Olayların öncesinde nüfus sayımı bahanesiyle Alevilerin evlerinin işaretlendiğini, milli piyango satıcısı kılığında kontrgerilla elemanlarının şehre geldiğini biliyoruz. Kamyonlara doluşan katillerin ellerine ateşli ve kesici silahların verildiğini, katliam sırasında devletin asker ve polisinin ortadan kaybolduğunu da… Olayların ardından Ecevit uzun süredir direndiği sıkıyönetimi ilan etmek zorunda kaldı vd.Bütün bunları biliyoruz bilmesine de bunlarla Maraş katliamını anlamış, kavramış oluyor muyuz gerçekten? Bundan tam 33 yıl önce Maraş’ın bir tür küçük Yugoslavya’ya dönüştüğünü idrak edebiliyor muyuz? Tıpkı Sırpların Boşnak kadınlara tecavüz ettikleri gibi, Alevi kadınların tecavüze uğradığını, bunu hem de uzun yıllardır yan yana yaşadıkları komşularının yaptığını hissedebiliyor muyuz? Maraş katliamından kurtulanların anlattıkları olaylar o kadar korkunç ki insanın aklını durduracak boyutlarda. Genç kızların memelerinin kesilip sopaların ucuna takıldığı, ceninlerin anne karnından çıkarılıp ağaçlara çivilendiği, bebeklerin iki bacağından ikiye ayrıldığı, insanların diri diri yakıldığı bir katliamı gözünüzün önünde canlandırabiliyor musunuz? Bunun günlerce sürdüğünü…
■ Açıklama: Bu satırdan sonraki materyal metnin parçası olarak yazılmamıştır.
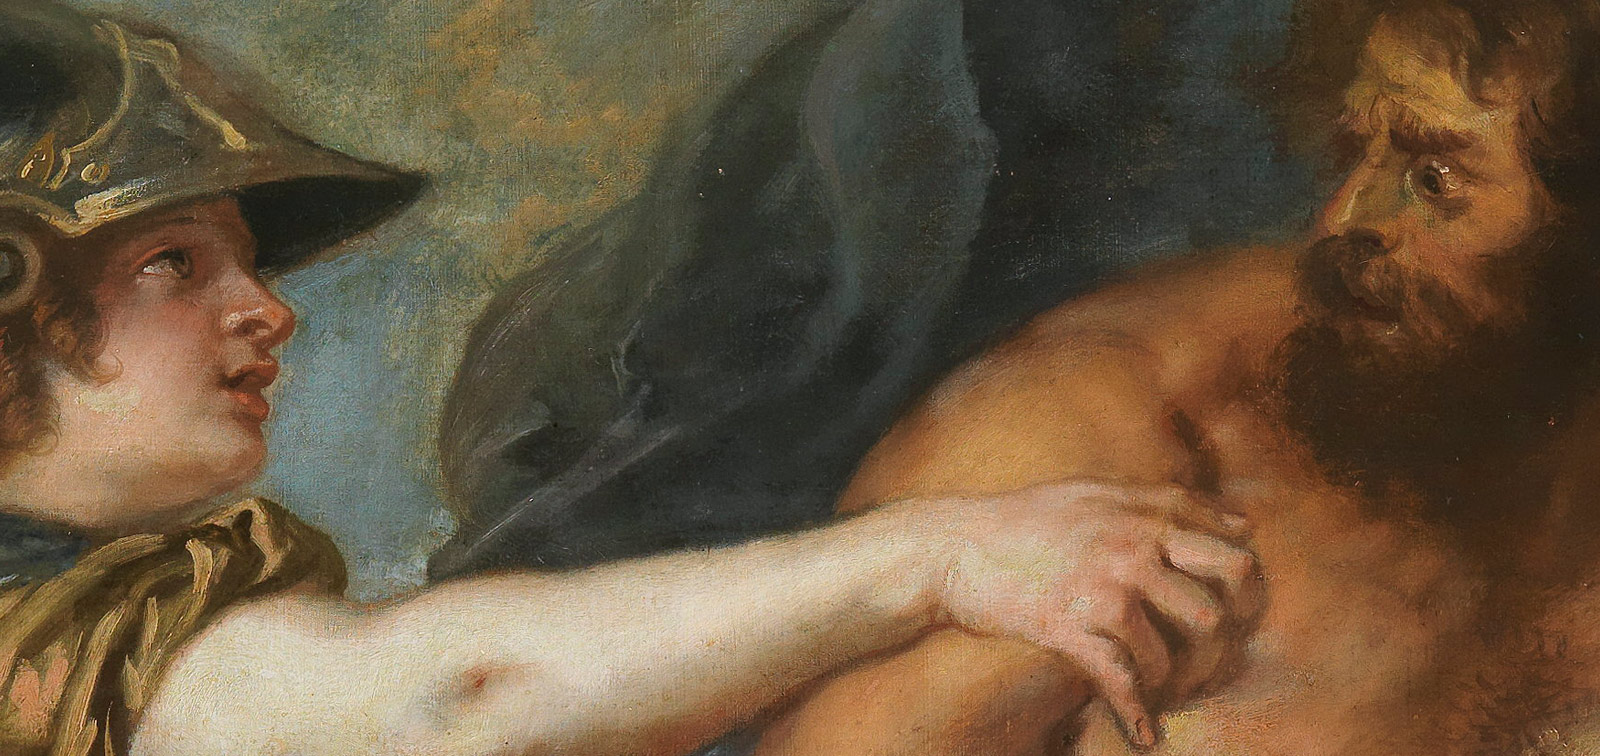 Visitas en latín. Heroes et amores mythologici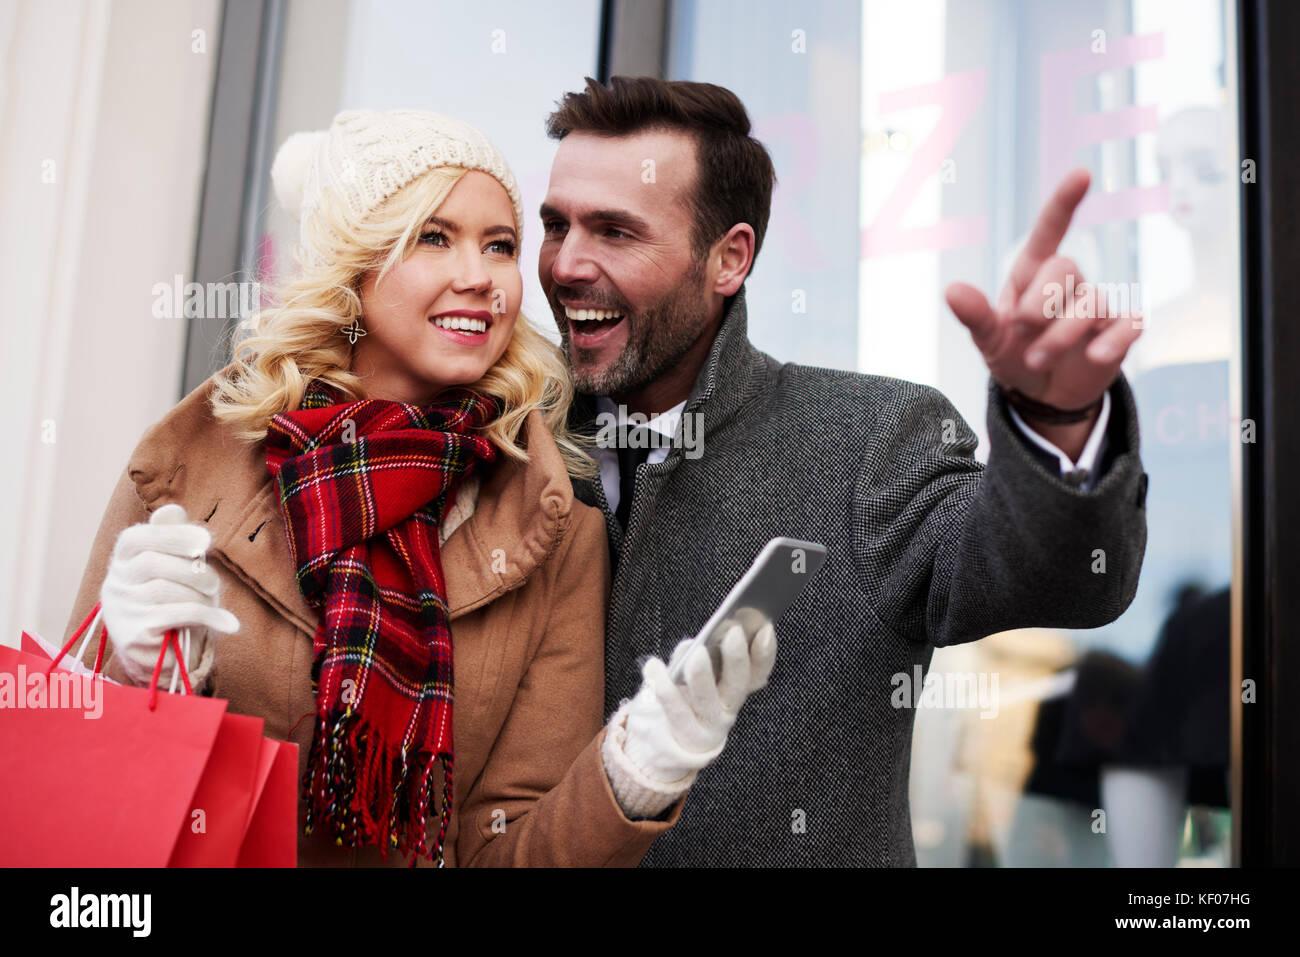 Hüften an aufwärts von Erwachsenen Paar in der Stadt Stockbild

‘Katliam’ deyip geçivermek kolay. O katliamdan bir tek kareyi, kalp gözünüzü açıp görmeye tahammül edebilseniz, dünyayla, bu ülkeyle kurduğunuz bütün ilişkiniz sonsuza kadar değişir, inanın…Ama bunu yapabilmek için bu inkârcılığın sona ermesi gerekiyor. İnkâr etmenin de binbir yolu var. Unutmak, hatırlamamak, anmamak, sorumluluğu sadece provokatörlere yıkmak, o zamanın koşullarını anlayalım demek, olayı karşılıklı bir çatışma olarak sunmaya çalışmak, kuru kelimelerle geçiştirmek, bunların hepsi ama hepsi geçmişi inkâr etmenin farklı birer yoludur.
Gelin bugün gönül gözümüzü Alevi kardeşlerimize açalım. Onların maruz bırakıldıkları vahşeti, yaşadıkları acıyı hissetmeye çalışalım. Sadece bir an için…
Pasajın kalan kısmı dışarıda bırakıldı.